Filipino nurses have faced exploitation and wage discrimination—a long history that persists today. Jurado says fraudulent recruiting agencies and even some American health care facilities have lured Filipino nurses with false promises of opportunities or higher pay, and later forcing them to work long hours in unsafe working conditions, sometimes with threats of revoking their visas. In 2019, 200 Filipino nurses won a human trafficking lawsuit in which they alleged that the owners of a group of New York nursing homes were not paid the wages promised in their contracts and were forced to work in unsafe conditions with inadequate staffing.
To this day, foreign-educated nurses are frequently sent to hospitals where it is difficult to recruit American-born nurses, including public hospitals in inner cities and health care facilities in rural areas that are frequently understaffed and under-resourced.
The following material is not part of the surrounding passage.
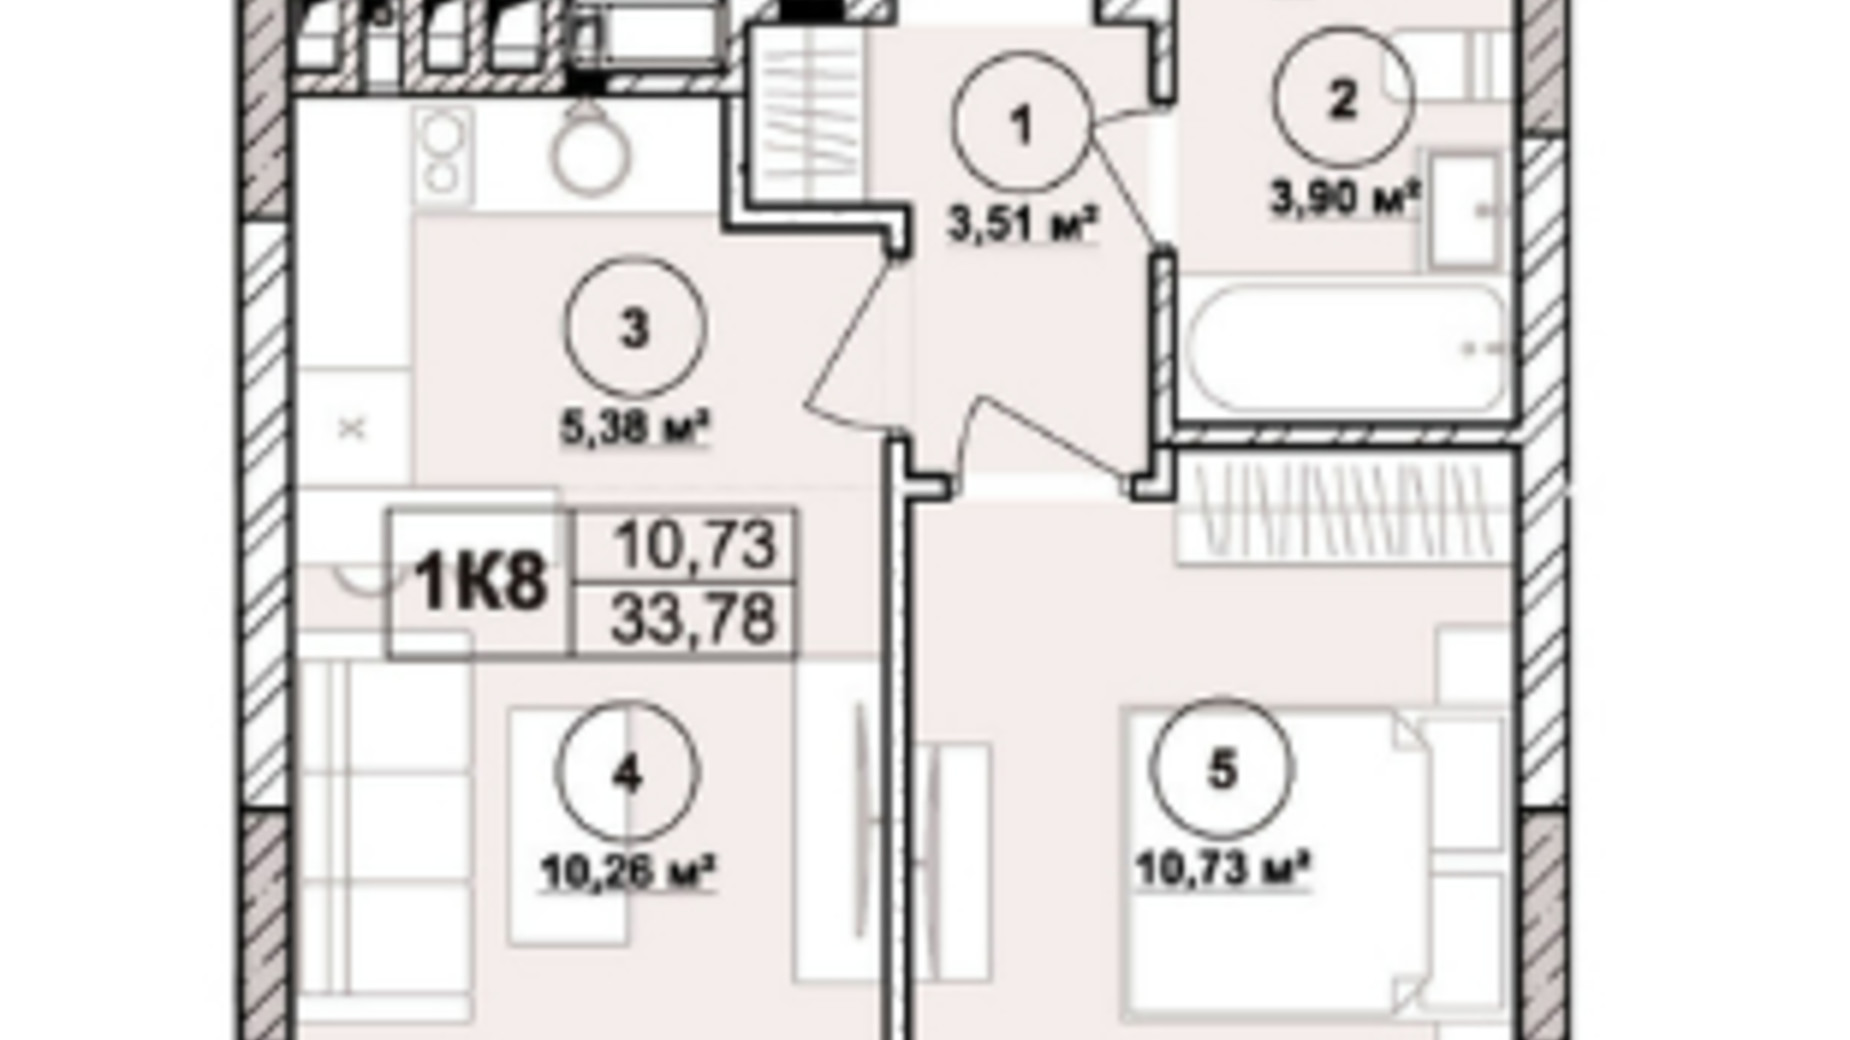 Планировка апартаментов в ЖК Milltown 33.78 м², фото 673237

“These physicians and nurses work in communities with workers that are the essential workers who don’t have these white-collar protections. And they’re working in hospitals that don’t have all the equipment,” says Eram Alam an assistant professor in the history of medicine at Harvard University. “All of these things are working together, and I think all of these things are suggestive of who is considered to be disposable in the United States.”
While these placements create an unequal system for health care workers, these conditions have proved to be fatal in the COVID-19 pandemic. The lack of PPE compounded by the fact that Filipino nurses frequently work in bedside care and critical care units put them at higher risk.
“We run the risk of being exposed or even perhaps overexposed, because of where we work,” says National Nurses United co-president Zenei Cortez. “The other thing that I would attribute to the high rates of Filipino Americans falling victim to COVID is our culture: we treat our patients like they are our families. We are so dedicated and we stay over and that puts all of us at a higher risk of exposure.”
Castor echoed Cortez’s sentiments about the dedication of Filipino nurses in the country, noting that she knew several Filipino nurses who left retirement to help battle COVID-19. And for Castor, despite knowing that the patient in her unit could be positive for COVID-19, she was determined to get the patient the care they needed.
“Others will turn their back just because they are afraid and they don’t want to do it, but Filipinos face the challenge and help out until the end,” says Castor. “Even with COVID, we will still serve because that is our passion.”